Sutter was early to recognize the magnitude of cyber-threats, and, recognizing that there was no human way to possibly screen every threat in person, employs AI technology to identify, categorize and evaluate threats as they appear on their radar. Once ranked according to threat level and potential damage severity, a human team then works to apply software patches or block emails or other communications channels that are flagged as malicious. Even with all of their safeguards and ability to respond to NetPetya by rapidly moving off the system, Sutter Health faced a backlog of over one million patient files. That setback was due to their reliance upon partners like Nuance, a Massachusetts-based medical transcription service, which wasn’t prepared to meet the cyberthreat. Nuance’s systems were paralyzed by the NotPetya attack for weeks, affecting thousands of health care companies around the world.

Besides the cost factor, some devices and systems are simply unable to be patched. In those cases, patient care will almost certainly be negatively impacted, as the affected equipment will have to be pulled out of circulation, not to be replaced anytime soon. Furthermore, the addition of security measures, staff training and other operational safeguards all take time and will affect scheduling — leading to the potential for delays in treatment and decreased operational efficiency.

Latest thought leaders believe that healthcare providers must begin to understand that cybersecurity in healthcare is a safety issue, a human life issue, and not merely a computer or administrative issue that is far removed from their own professional niche.

Some are suggesting that cybersecurity in healthcare training ought to be incorporated into medical school curricula, and that would-be doctor training in cyber-threat simulations would make them more aware and appreciative of, as well as responsive to real-life threats once practicing.

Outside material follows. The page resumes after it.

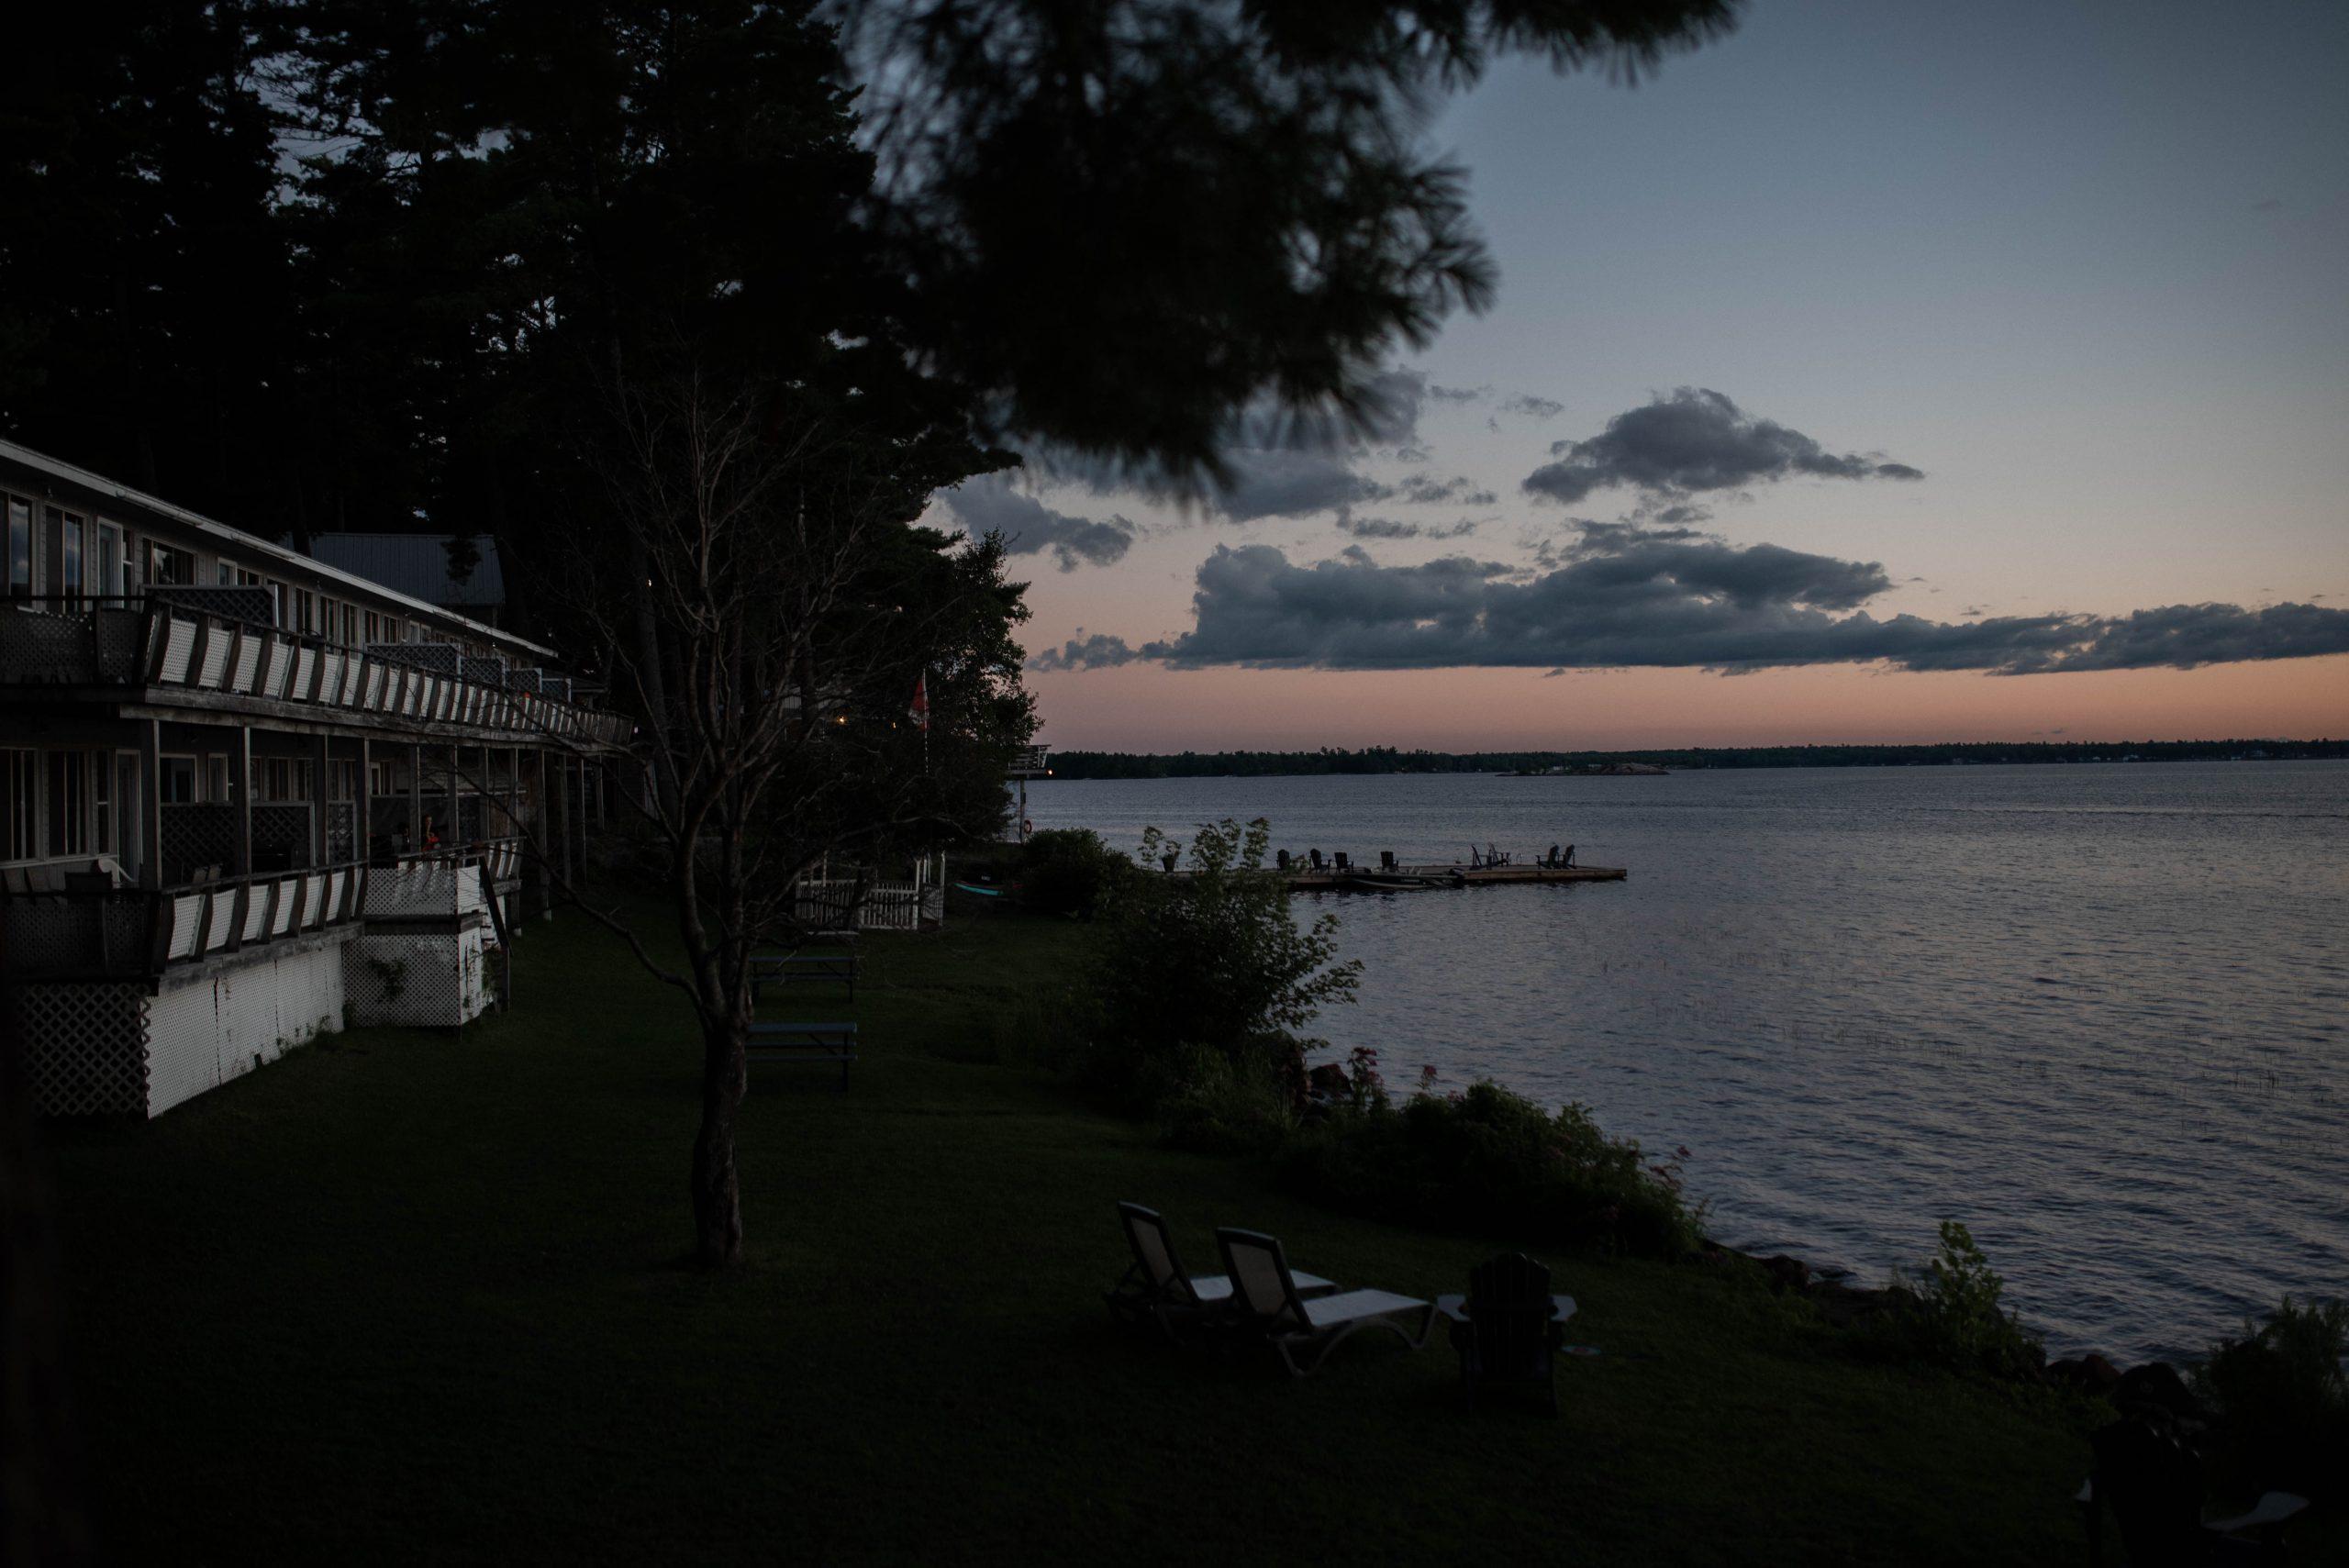 Sunset over the lake in Muskoka

Monson recommends incentivizing hospitals to invest in education and collaboration, for and between physicians, nurses, IT professionals, and manufacturers. “At some point,

we’re going to need regulatory intervention to push the dial,” she said. “It doesn’t seem like voluntary is working. For patient safety, we shouldn’t be taking the chance.”

Dr. Schwartz agrees. “It’s going to require changes that go well beyond devices… This is where engaging with and involving other authorities and trying to bring the entire community together becomes really important.”

Patient awareness, concern, and outcry may help drive this movement. Hopefully, the US market will not have to face a UK WannaCry style attack before moving forward with greater urgency.